4. What is the most competitive free summer program for high school students in Colorado?
The Denver Museum of Nature and Science Teen Science Scholars accepts only 2 to 4 students per research track, making it among the most selective on this list. The Medical Career Collaborative is also highly competitive, with roughly 75 spots available from over 650 applicants each year.
5. Are there free summer programs in Colorado that offer college credit?
Yes, CSU Black Issues Forum, CSU Native Education Forum, and CSU First Generation Business Summit each award one free CSU credit hour upon completion.
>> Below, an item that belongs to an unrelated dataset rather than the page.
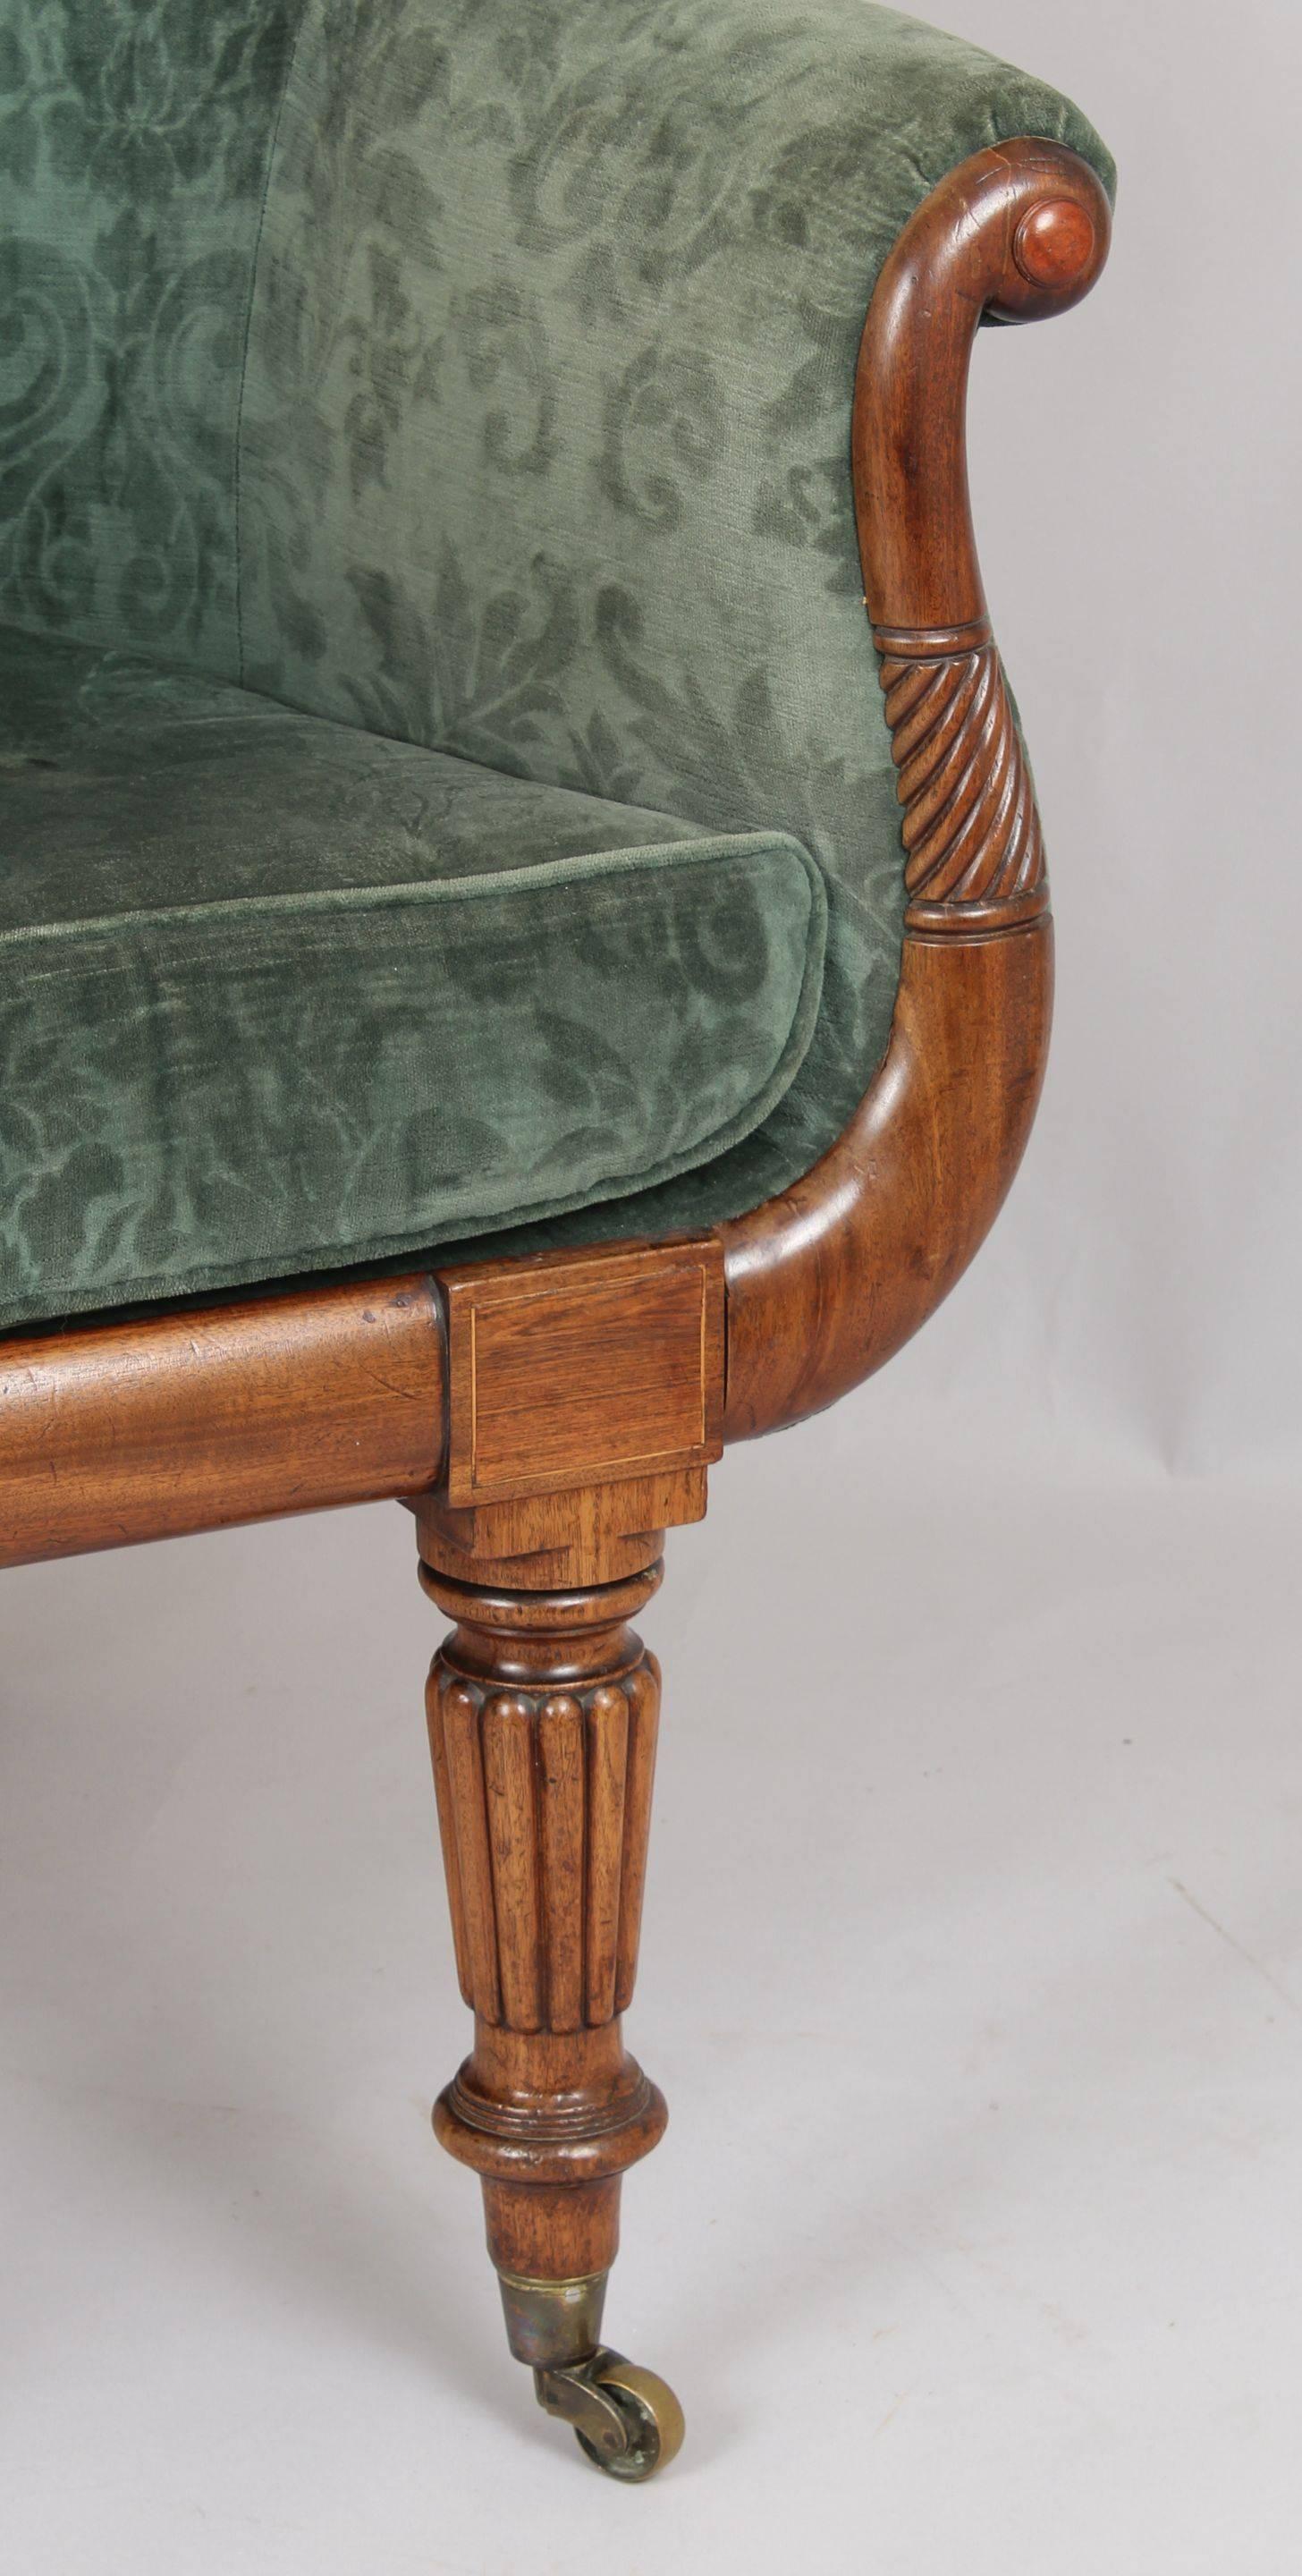 William IV period tall-backed easy-chair; the fully-upholstered curved back and squab seat covered in dark green patterned velvet; with scrolled and spiralled mahogany arm-facings and bold turned and reeded fore-legs with brass cup-castors.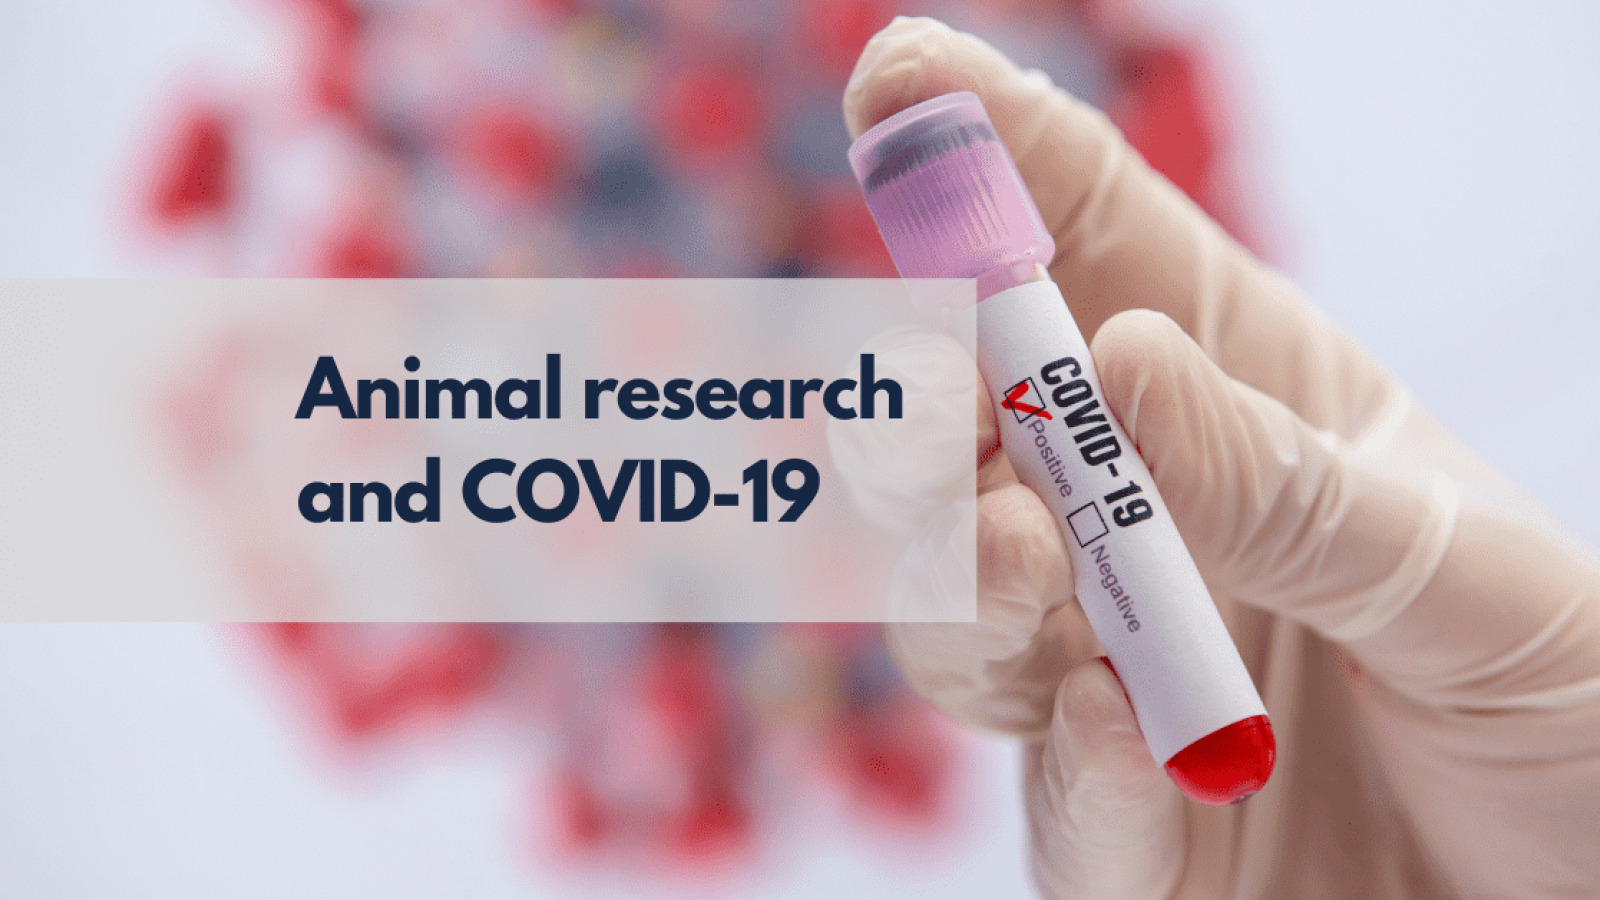 Animal research and COVID-19

Participants who later enroll at CSU and meet GPA requirements may also qualify for the Partnership Scholarship Award.
6. When should I apply to free summer programs in Colorado?
Several programs have early deadlines, including NIST SHIP (January 26), Child Health Research Internship (February 1), and MITES Semester (February 1). Others fall in spring, including Medical Career Collaborative (March 4) and NASA GL4HS (March 15). Students should monitor program websites from fall onward, as some programs, such as GoGetMath and Sphinx Performance Academy, post deadlines without fixed dates.